> _Dataset excerpt_:
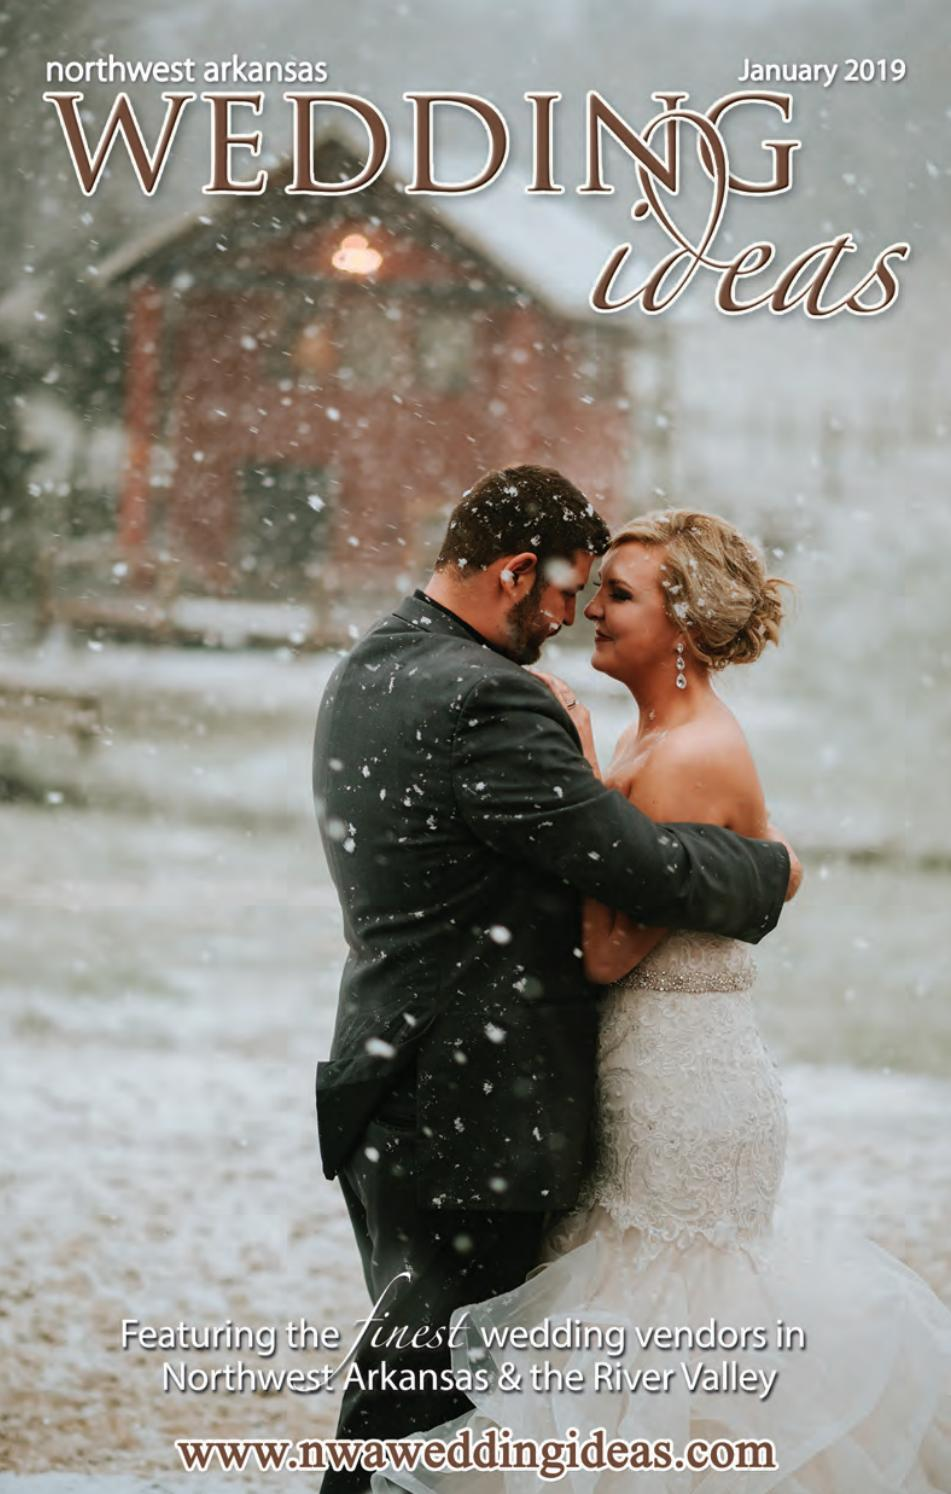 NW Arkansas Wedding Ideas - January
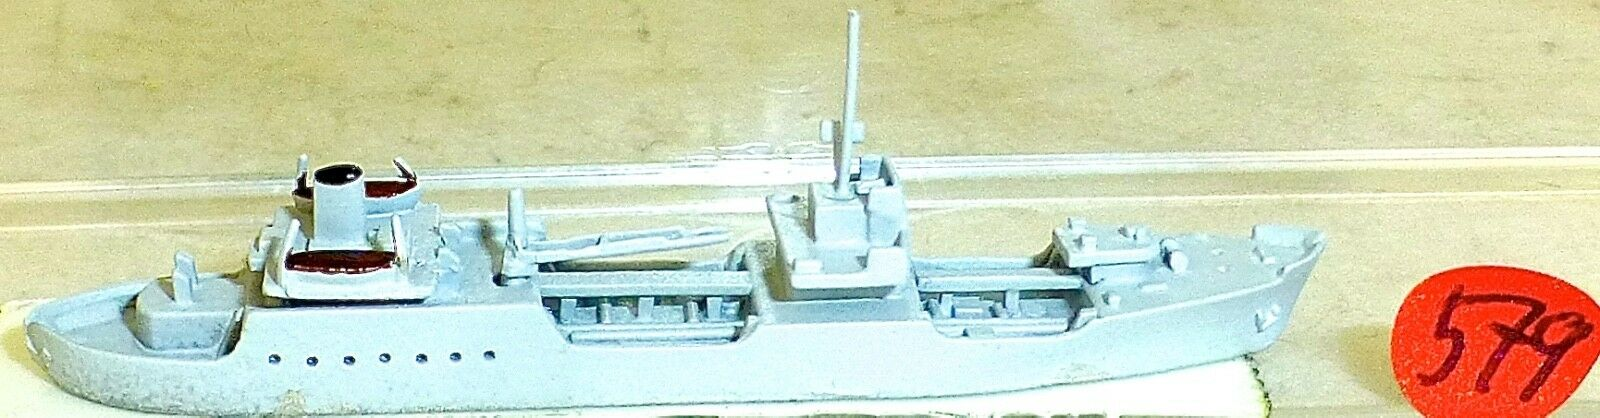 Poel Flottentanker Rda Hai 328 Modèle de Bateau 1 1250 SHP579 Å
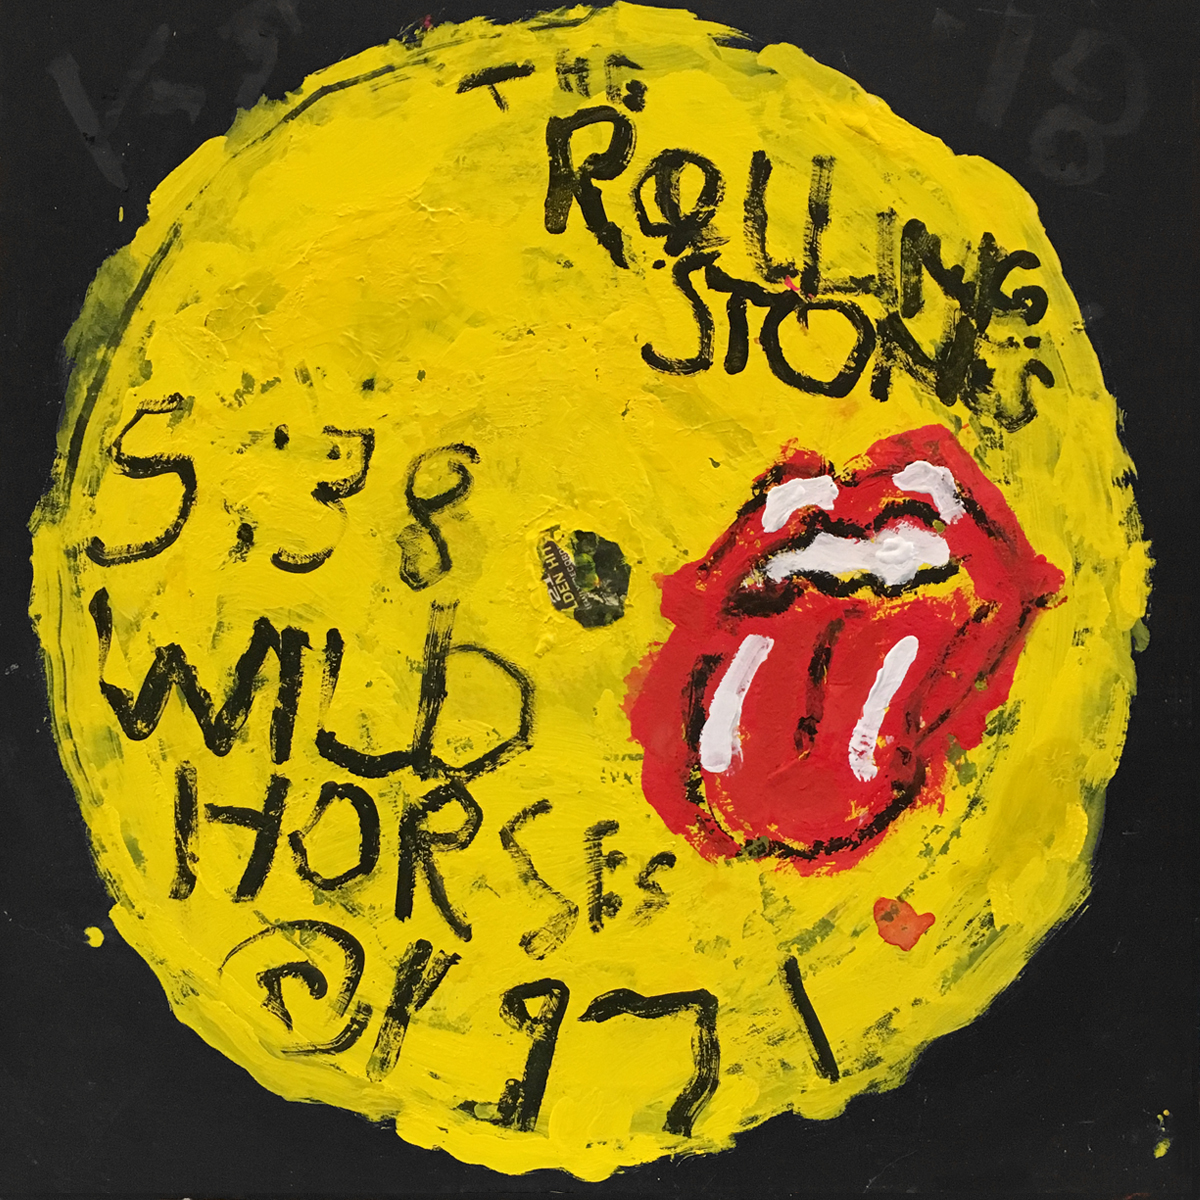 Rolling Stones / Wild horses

> _Task to carry out_: The expected answer is the line with "Poel Flottentanker Rda" followed by every remaining line of the listing, each restated exactly, with all pictures dropped.

> _Solution for this problem_:
 Poel Flottentanker Rda Hai 328 Modèle de Bateau 1 1250 SHP579 Å
 Rolling Stones / Wild horses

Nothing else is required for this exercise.